Our bottom line on a collateral-eon-sequences instruction is the same one this Court drew in Rake, supra at 160, 28 CMR at 384, ie., a judge “cannot minimize matters in mitigation before sentence.” Such an instruction, if requested, might be given by a judge if the servicemember is nowhere near retirement eligibility. However, at the very least, where a servicemember is perilously close to retirement, as appellant, and the members join in his request for intelligent instruction on this important matter, a general collateral-consequences instruction disregarding the effects of a punitive discharge on retirement will not suffice. See Griffin, 25 MJ at 424 (“[I]t is only in a theoretical sense that the effect a punitive discharge has on retirement benefits can be labeled collateral.”)
Chief Judge COX and Judges
CRAWFORD, GIERKE, and EFFRON concur.
. There is a significant potential for substantial litigation at the trial and appellate levels as to if and when a military judge may refuse to provide a retirement benefits instruction and give a collateral-consequences instruction in particular cases. The opportunity to avoid such unnecessary litigation rests initially with the Executive Branch. See Art. 36, Uniform Code of Military Justice, 10 USC § 836.

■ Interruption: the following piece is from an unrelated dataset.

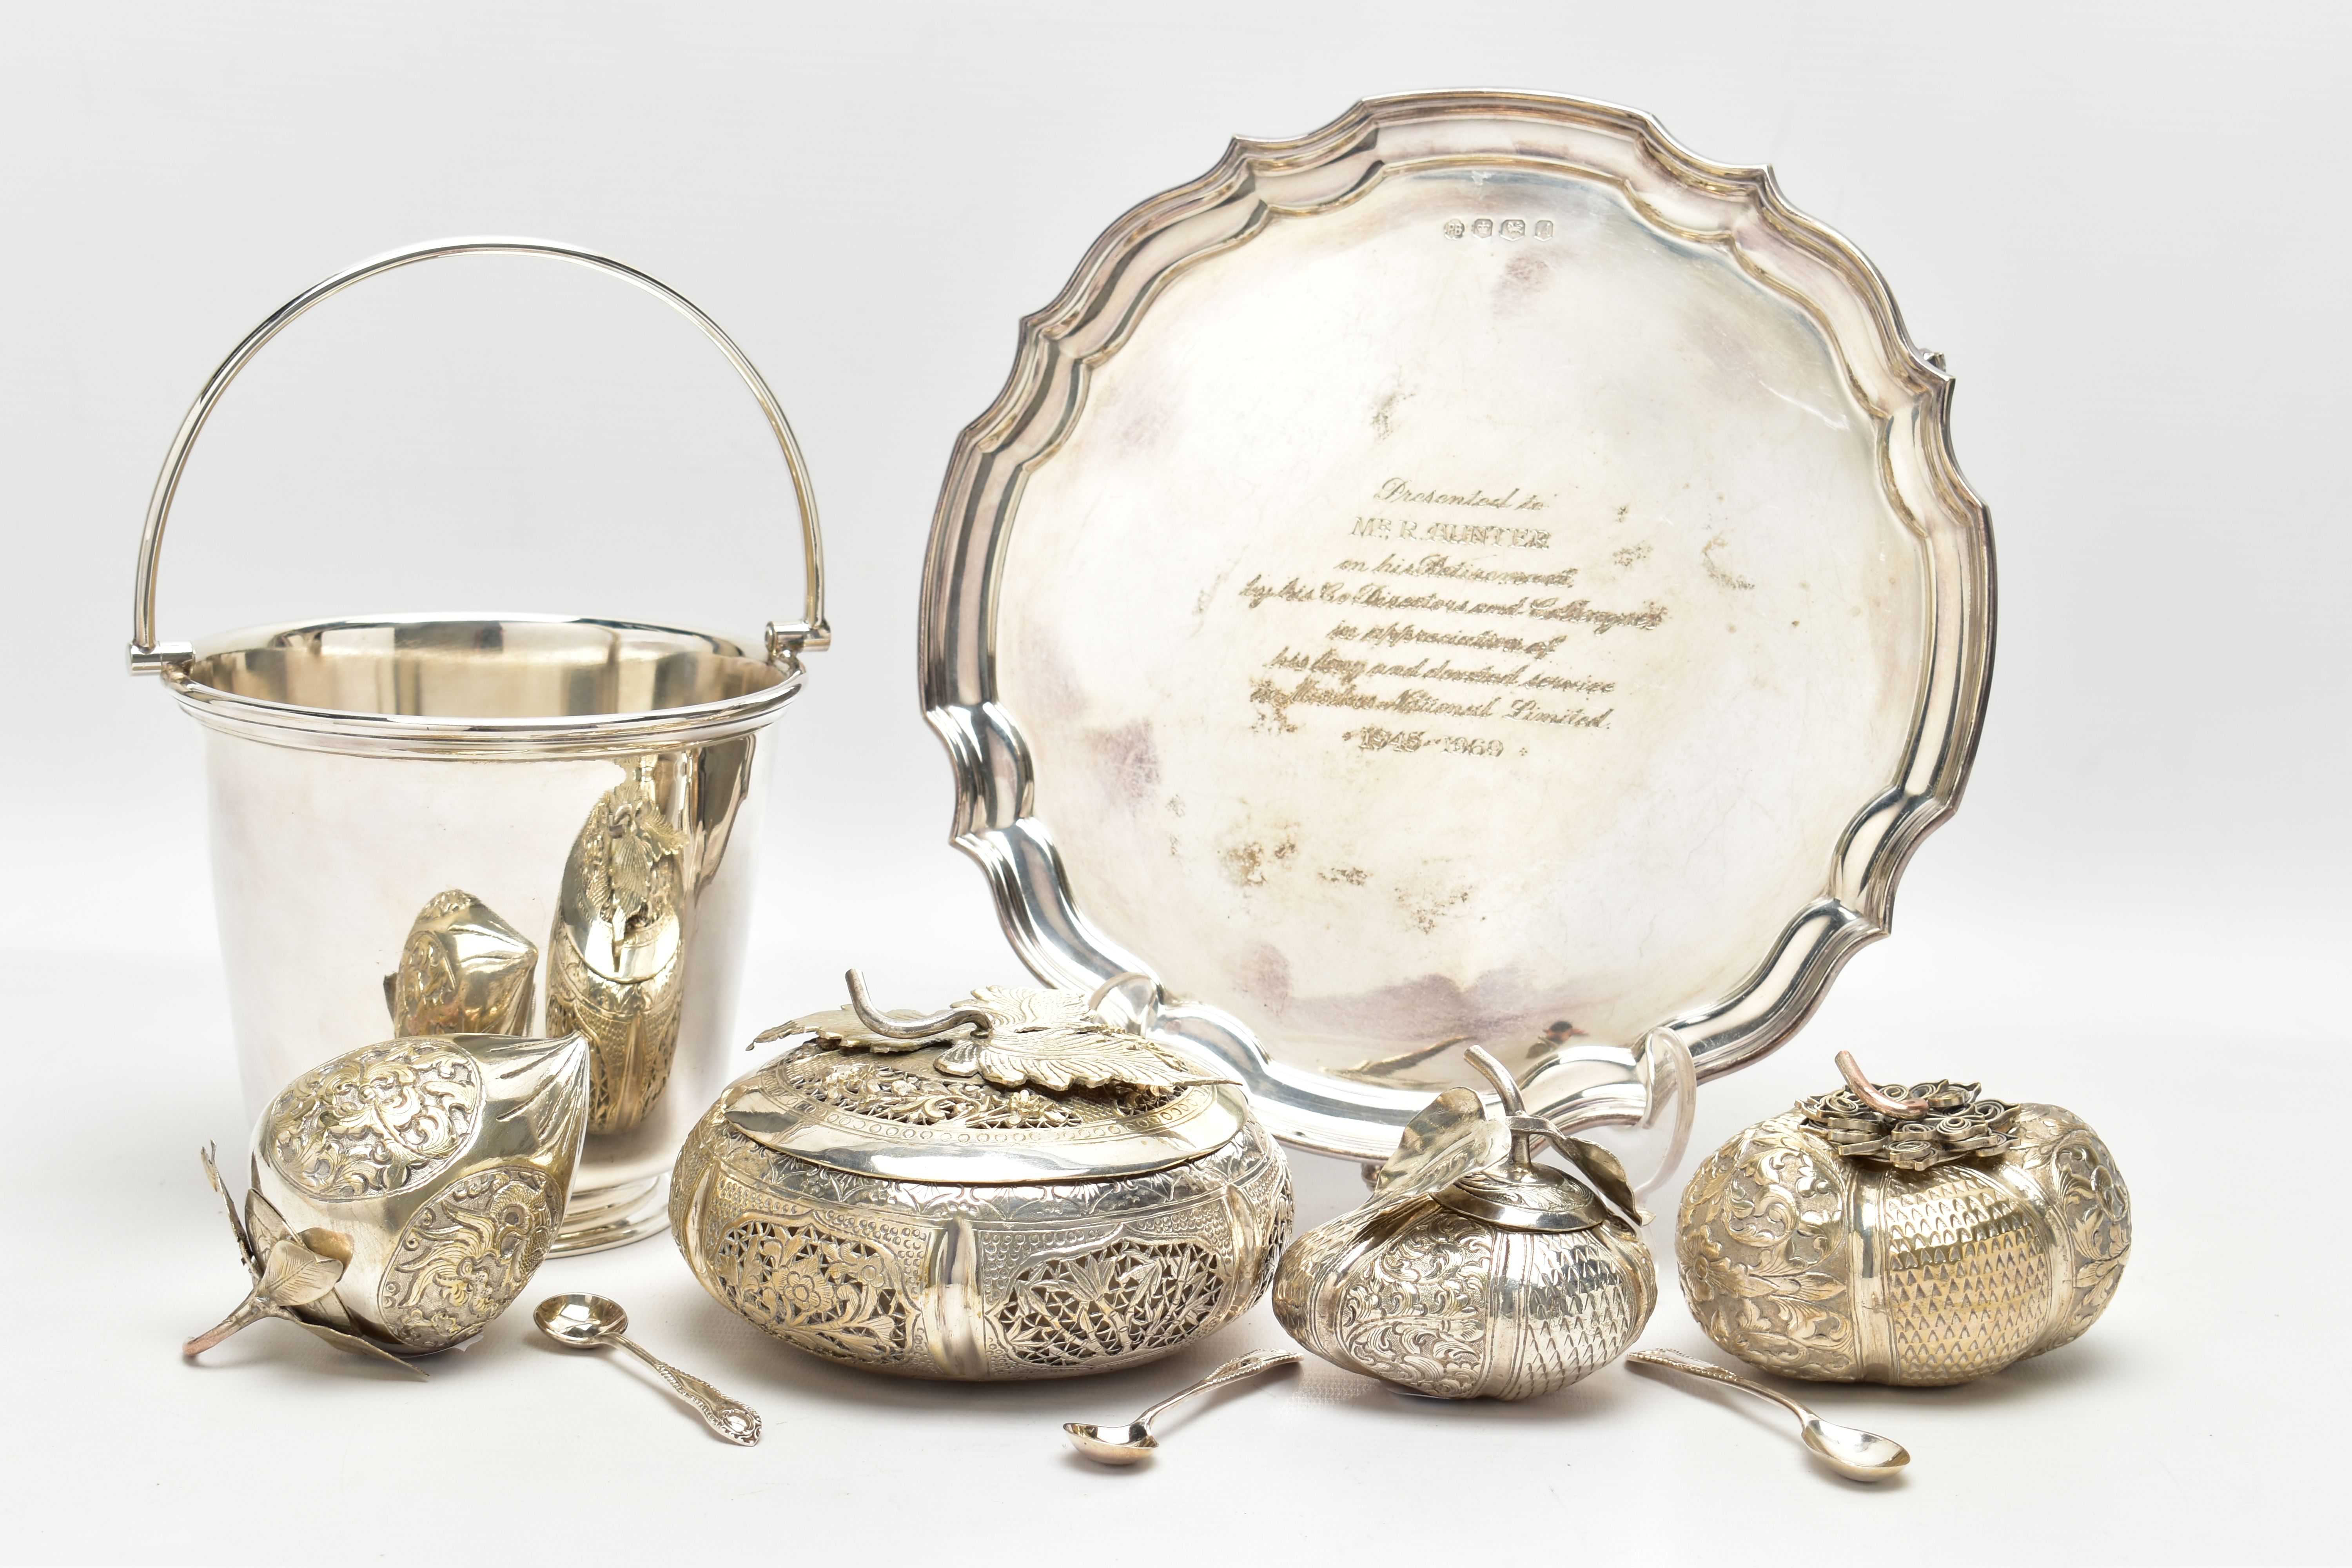 AN ELIZABETH II SILVER SALVER, TOGETHER WITH EIGHT SILVER PLATED ITEMS, the silver salver with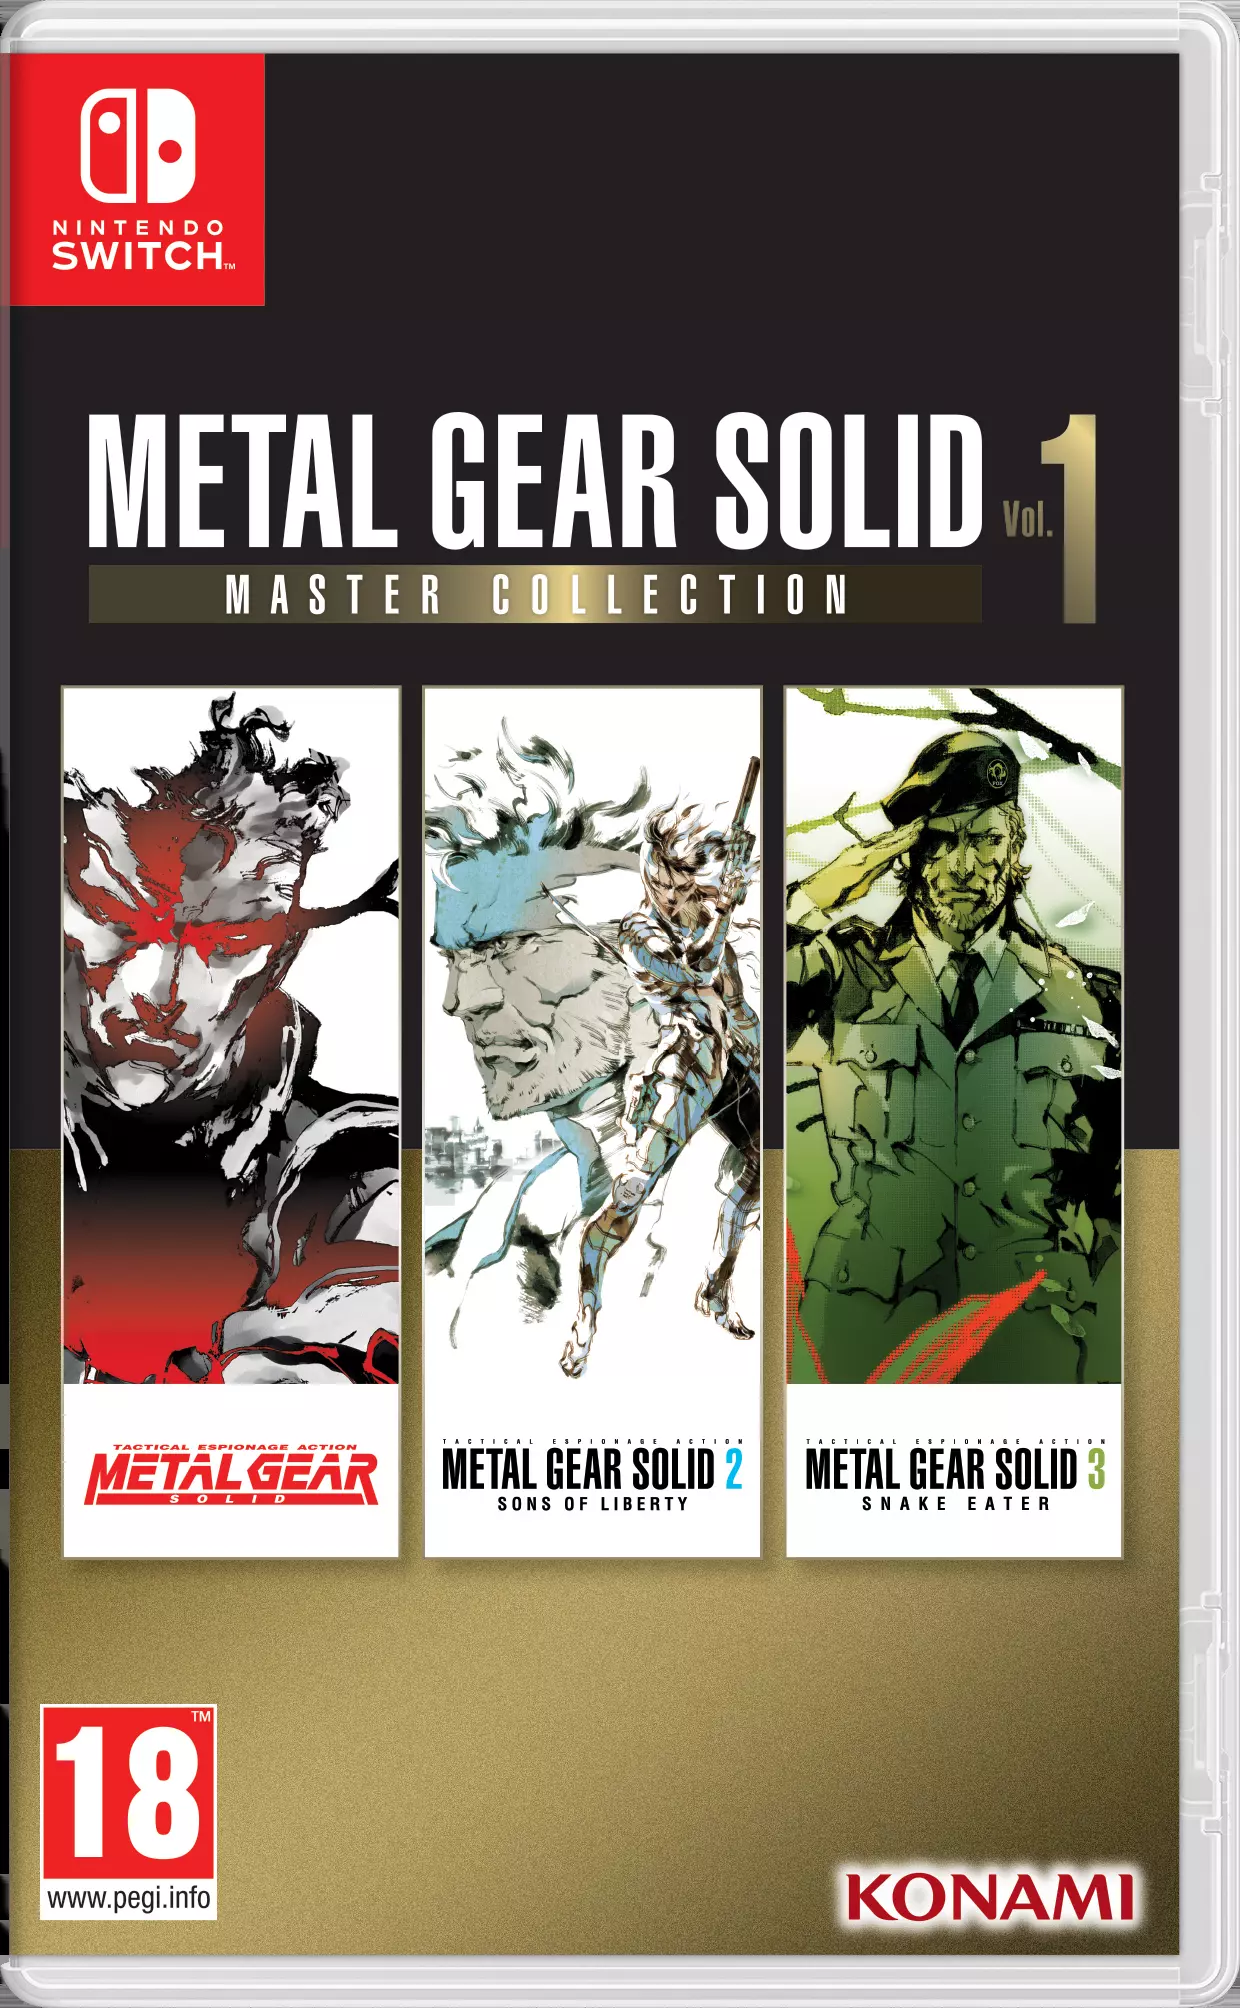 Metal Gear Solid: Master Collection Vol

. The sample instructions in the Military Judges’ Benchbook at 69-70 (Dept. of the Army Pamphlet 27-9 (30 Sept. 1990)) should be changed to conform to the decisions of this Court in United States v. Sumrall, 45 MJ 207 (1996), and United States v. Griffin, 25 MJ 423 (1988).
Those responsible for the revision should consider a further change to the standard instruction on punitive discharges that would make it clear that such a discharge terminates an individual’s military status and the benefits that flow from such status, including the possibility of becoming a military retiree and receiving retired pay.